Die folgend angeführten bestehenden Beschreibungen der "Hülsenbeckschen Kinder" sollen auf die Begriffe aufmerksam machen, die nach der verborgengeometrischen Analyse jenes Bildes erneut besprochen werden sollen. (Die vom Autor unterstrichenen Begriffe sind damit gemeint. In eckigen Klammern werden die Zusätze des Autors gegeben.)
Paul Ferdinand Schmidt "Philipp Otto Runge", 1923:
Schmidt meint, dass Runges ">Tageszeiten< mit ihren Ablegern [etwa den Illustrationen zu Tiecks Minneliedern] wirklich die Sichtbarmachung der romantischen Weltanschauung darstellen." [1]

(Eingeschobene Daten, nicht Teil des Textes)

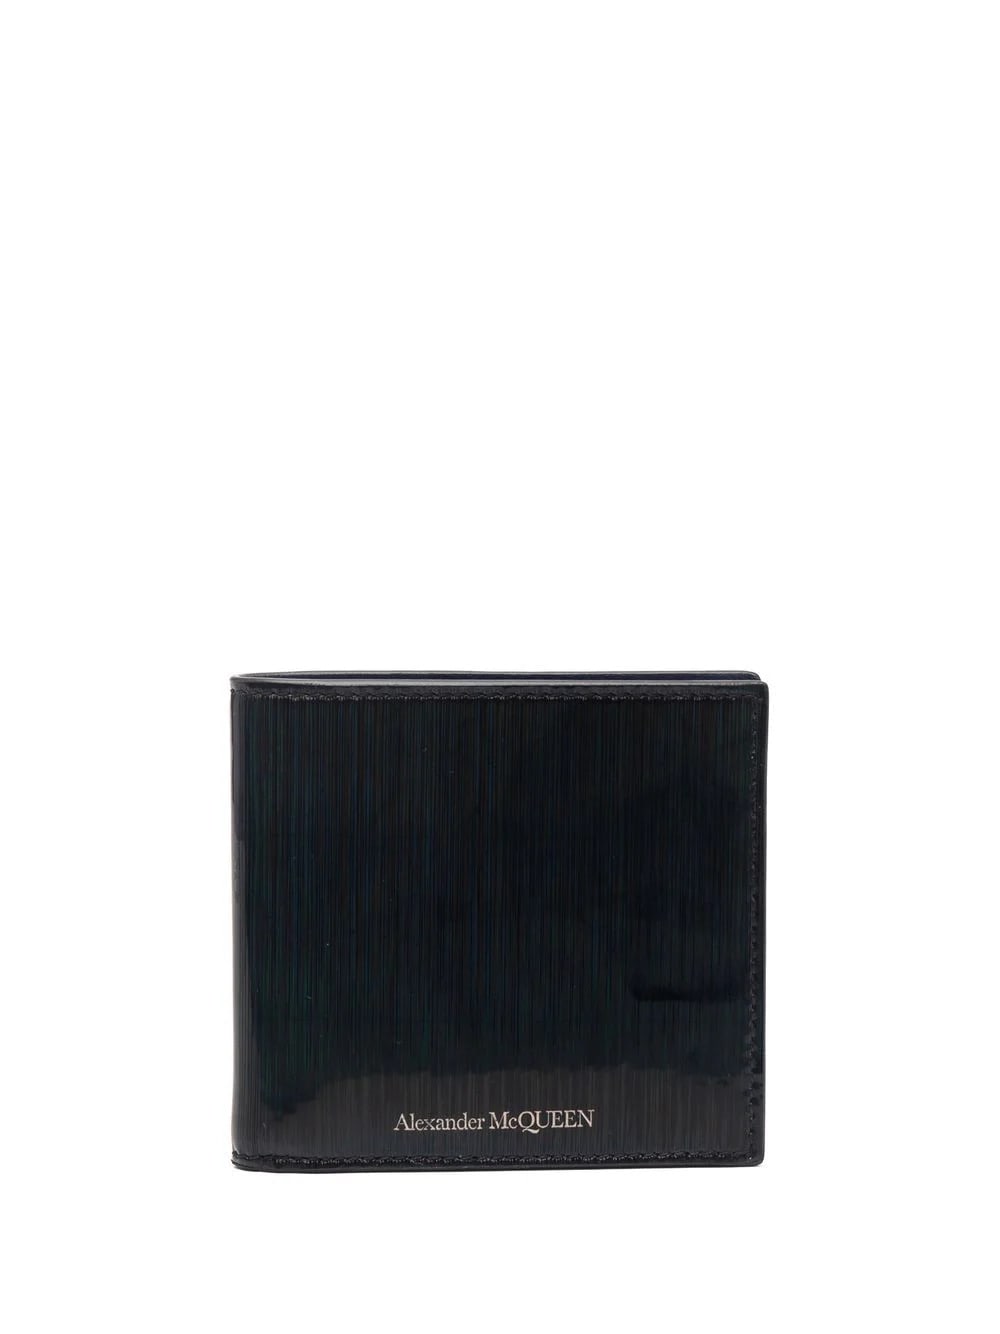 Alexander McQueen Man Wallet In Black Glossy Leather With Multicolor Effect And Silver Logo

Christian Adolf Isermever "Philipp Otto Runge", 1940:
" >Schrecklich< klagte er [Runge], >wenn die Leute verlangen, ich soll ihnen die Gedanken bei jedem einzelnen Ding darin [in seinen Radierungen der "Tages-Zeiten"] sagen<, denn >wenn eine Darstellung aus noch so vielerlei Gegenständen zusammengesetzt werden kann, so ist die eigentliche Totalform doch ein Gewächs<." [2]
">Das, was ich die Kunst nenne<, erläutert er [Runge] seinem Vater, >ist so beschaffen, daß, wenn es den Leuten nur so eben geradezu gesagt würde, es niemand verstände, und sie mich für rasend, verrückt oder albern erklären würden<. Und an Tieck schreibt er: >Es muß in der Welt eine große Konfusion machen [...], wenn einer das Höchste ausspricht: der Same findet keinen Grund und geht nicht auf<." [3]
Es sei hier an Runges Worte, die er 1802 an seine Mutter gerichtet hatte, erinnert: "Ich kann Ihnen es nicht so deutlich sagen, wie ich es wohl weiß, daß eine schöne und wohl bessere Kunst vor uns liegt, die wir finden werden und worauf hin alle meine Kräfte steuern." [4]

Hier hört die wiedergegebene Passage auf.